If the service provider does not comply with an order by the deadline or without providing sufficient reasons, an enforcement procedure is triggered involving the competent authorities of the EU Member State where the order has to be enforced. The enforcing authority may also deny the request on the basis of very limited grounds for refusal.

The proposal for the Directive on legal representatives aims at overcoming current different approaches of EU Member States towards imposing obligations on service providers in criminal proceedings, depending on whether they provide services nationally, cross-border within the EU, or from outside the Union. Therefore, the Directive makes it mandatory for service providers to designate a legal representative in the EU to receive, comply with, and enforce orders on gathering e-evidence.

The proposal already faced criticism from civil society organizations and business associations. They argue that it cannot be up to private companies to decide on the right balance between law enforcement and the fundamental rights of citizens. Furthermore, the new proposal would undermine existing MLA procedures and give up most of the achieved MLA principles. They also pointed to the European Investigation Order as an already existing, efficient MLA instrument that could be improved in the future but does not need to be replaced by the European Production Order. Others consider the proposal to be opening “Pandora’s box,” since it is an incentive for other countries, less committed to the rule of law (such as Russia, Turkey, or China), to act in the same way and therefore jeopardize European companies. Business organizations expect economic losses for the service providers, since they may no longer protect their customers’ interests appropriately.
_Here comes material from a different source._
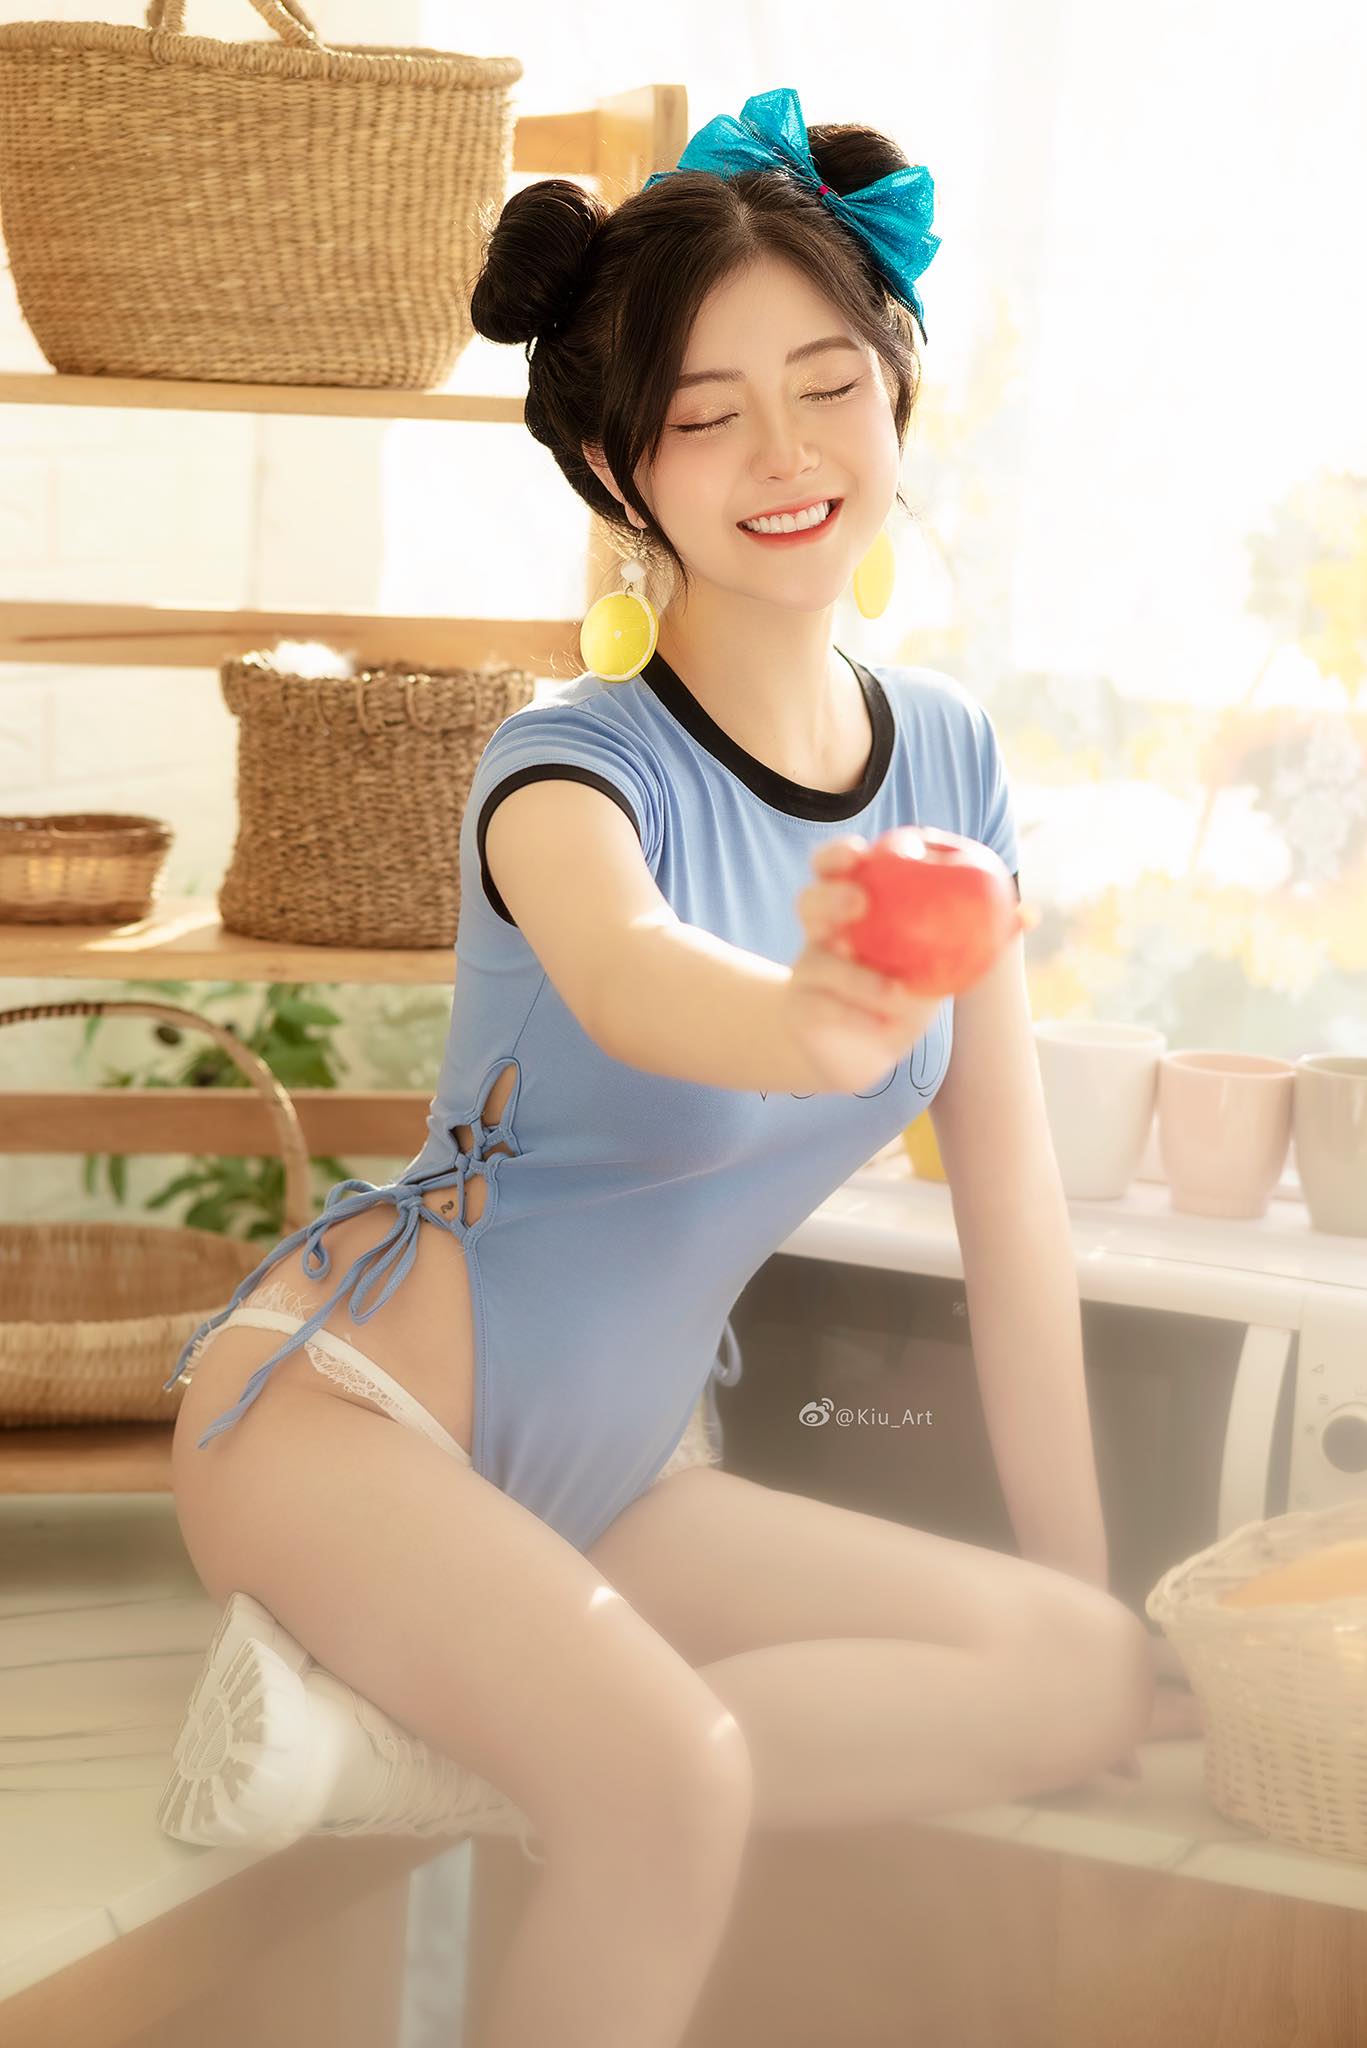 Hot girl Ba Vì “Trang Chuối” gợi cảm với phong cách Lolita, khoe điểm cơ thể hấp dẫn - 4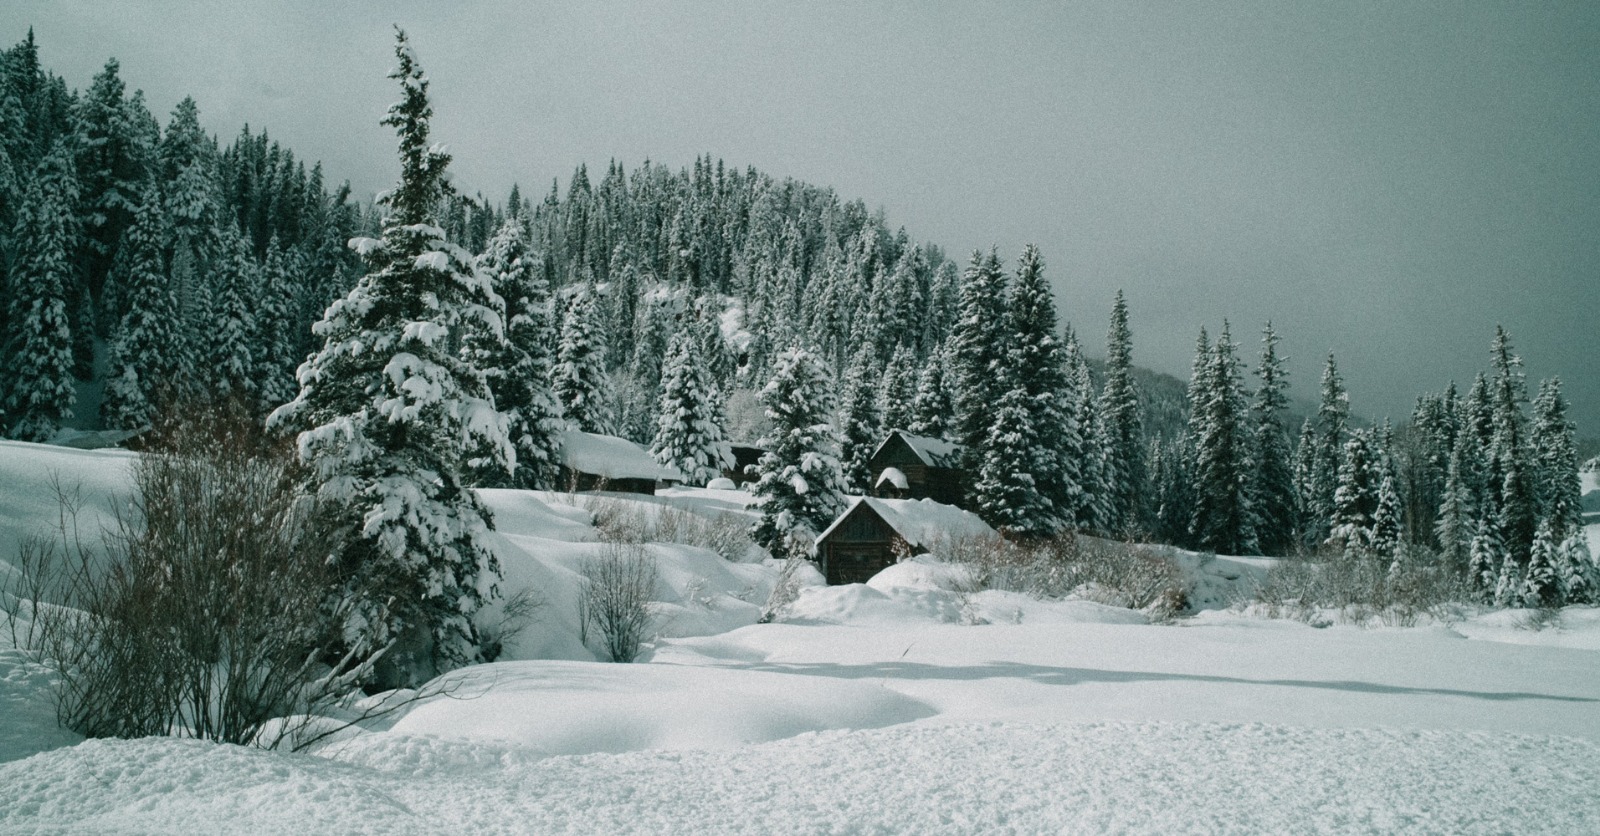 Dunton Colorado winter vacations in the US

Ultimately, some critics argue that the effects of the e-evidence measure may be low, since criminals will seek and find other ways to escape access to their data by law enforcement authorities.

Notwithstanding this criticism, the EU is in a tight spot, since the USA adopted the so-called CLOUD Act enacted in March 2018. “CLOUD Act” stands for “Clarifying Lawful Overseas Use of Data Act”. Its purpose is similar to the e-evidence proposal of the European Commission. It allows U.S. federal law enforcement to compel U.S.-based technology companies, via warrant or subpoena, to provide requested data stored on servers − regardless of whether the data are stored in the USA or on foreign soil. It also foresees that, by means of “executive agreements,” law enforcement authorities from foreign “qualified countries” will have equal access to the data of the U.S. companies.

Furthermore, the Council of Europe is currently preparing an additional protocol to its 2001 Cybercrime Convention, which addresses e-evidence. Accordingly, law enforcement authorities may directly cooperate with providers of other jurisdictions. International production orders shall modify the existing MLA and make the fight against crime speedier and effective.

The legislative proposal on e-evidence comes with a series of measures presented on 17 April 2018. The package of measures was entitled “Denying terrorists and criminals the means and space to act”.